When I was studying at Uni, I always remember just using an auto incrementing int as a primary key. It was easy. When I started my first job I was told to use UUIDs and I never questioned it. It just seemed the professional thing to do. Since then I have always been using UUIDs as PKs. It wasn't until I had an issue with a database table being too large. Adding new rows was taking too long. This table had over a million rows. After investigating, it became clear it was because when adding a new row, it had to redo the index on the primary key column which takes a long time. This is because UUIDs are random, and B-Trees like incrementing values.
Why did using a UUID slow down inserts?
To understand why, you first need to know why sequential IDs are better as primary keys. A B-Tree is a balanced tree structure, new keys are inserted in order, this keeps the tree balanced and searchable.

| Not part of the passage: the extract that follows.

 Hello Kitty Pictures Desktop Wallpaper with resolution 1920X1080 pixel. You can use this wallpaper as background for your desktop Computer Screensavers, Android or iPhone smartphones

Random inserts from UUIDs require the tree to re-balance more often. New values from a UUID can land anywhere in the tree, this forces the B-tree to insert into the middle, which may trigger a re-balance, which makes inserts slower and indexes larger.
The case for UUIDs
UUIDs are amazing. A Universally unique identifier, that is globally unique in space and time. That is pretty impressive. Pretty useful too. This means that if you were to merge databases, our PKs would not conflict. If I call UUID() on my computer and you do UUID() on yours, we would never get the same value. This allows for interoperability across machines and systems ensuring that IDs remain unique. This impressive feat comes at a trade off though. Readability, and size, its 128 bits. An int is either 16 or 32 bits depending on the system, but in Databases its typically 32 bits.
Pros
- UUIDs are unique across databases, tables, computers, systems, this allows for interoperability across systems without conflicts.

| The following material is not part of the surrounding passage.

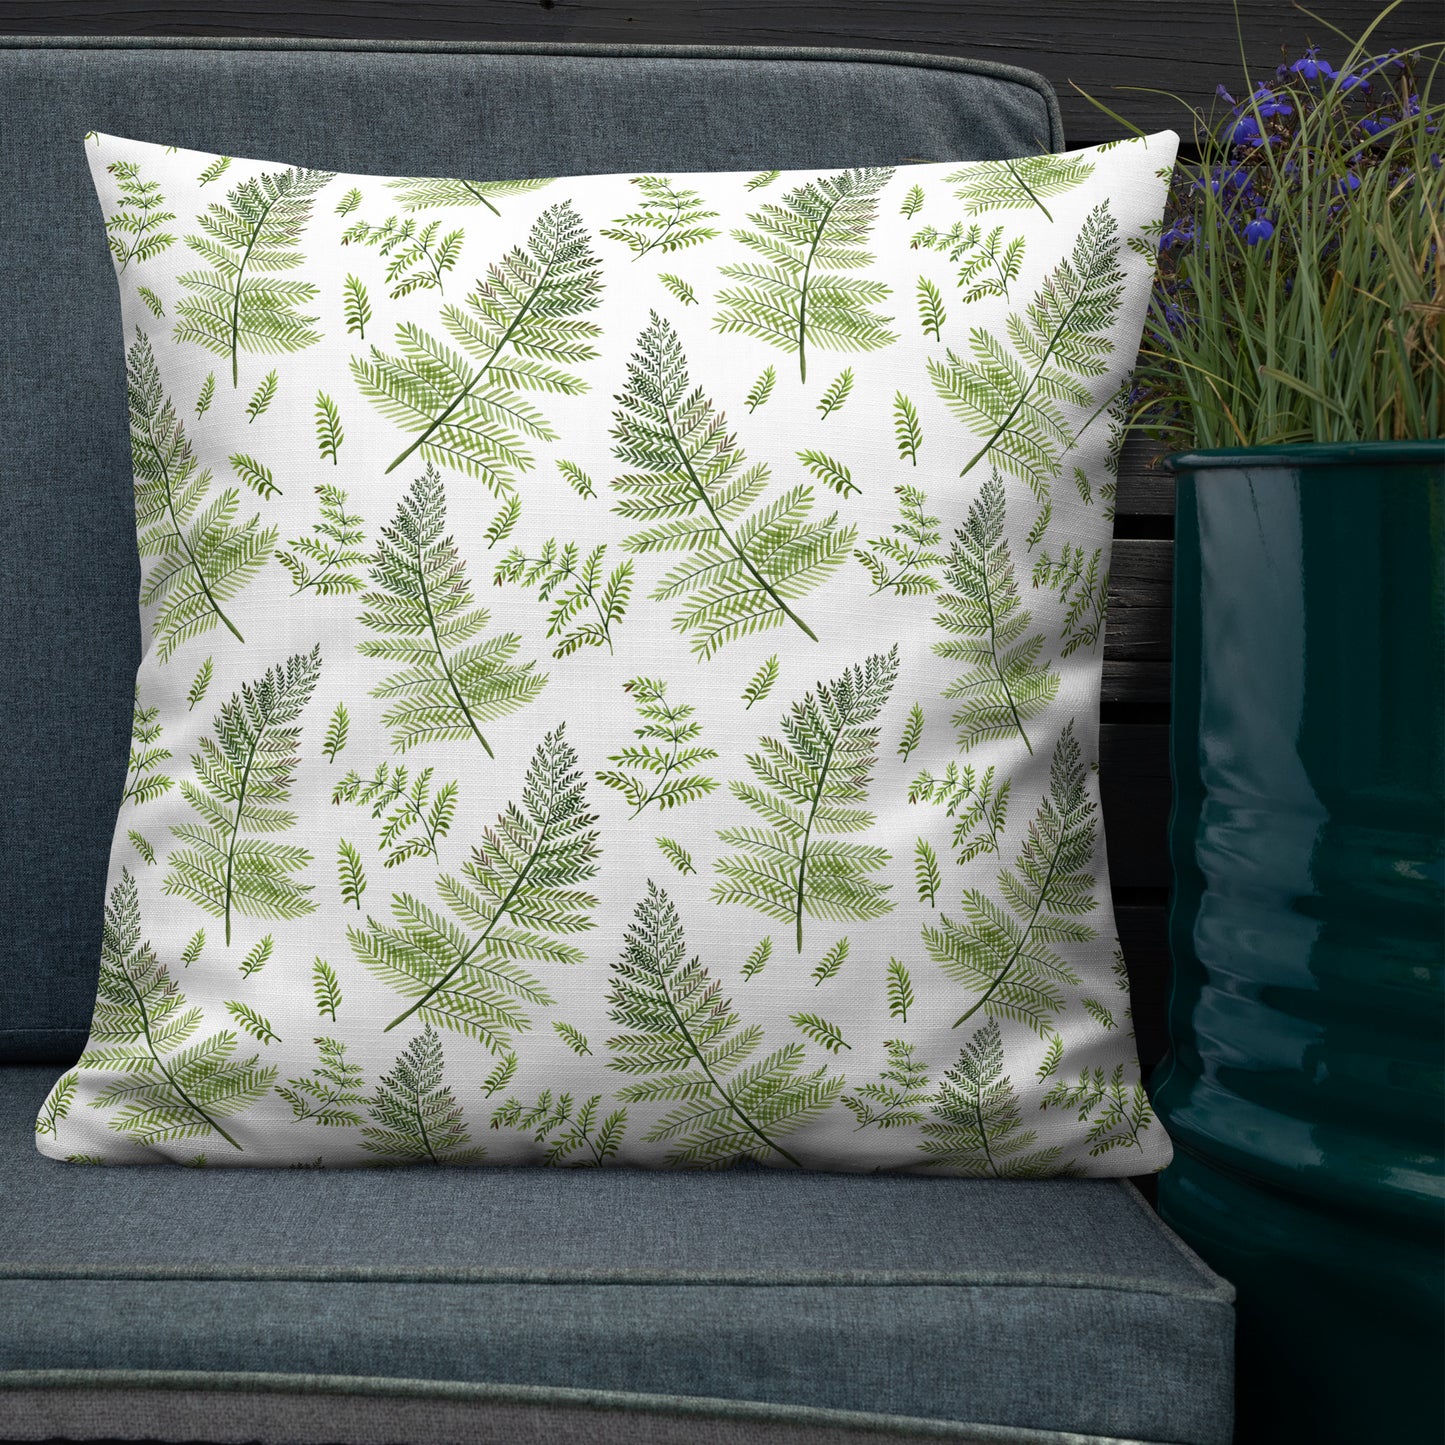 Decorative cushion 'fern leaves' with botanical illustrations | 45x45cm | with hidden zipper

- UUIDs are safer for cyber security, if you have a User ID in your URL and its an auto incrementing number, its much easier to guess someones ID. It also looks more professional to have a UUID in a URL.
Cons
- Storing UUIDs costs more, in both disk storage and RAM.
- They are not human readable which makes working with them slightly difficult.
- UUIDs can cause performance issues particularly when you have large tables.
- UUIDs add complexity to your Databases. Inserts can sometimes require converting them to Binary, and then when reading you need to convert it back into the same UUID.
In most cases the only argument for using a UUID is security. That said, you still don't need to use a UUID as the PK, as you could have a column for a public identifier, which is a UUID, and the PK column still can use an auto incrementing int. It's important to remember to use complexity where its needed and not because its fancy.
What Did I Learn?
It's good to question things, it's good to ask if the way you have been doing things is still required. Following established conventions in code bases is part of being a good engineer. If you see something that could be done better, or may be just wrong. Fix it, if it's a fast fix, do it. If it'll take time then speak to your team about it and advocate for it. Be the change you want to see in the world.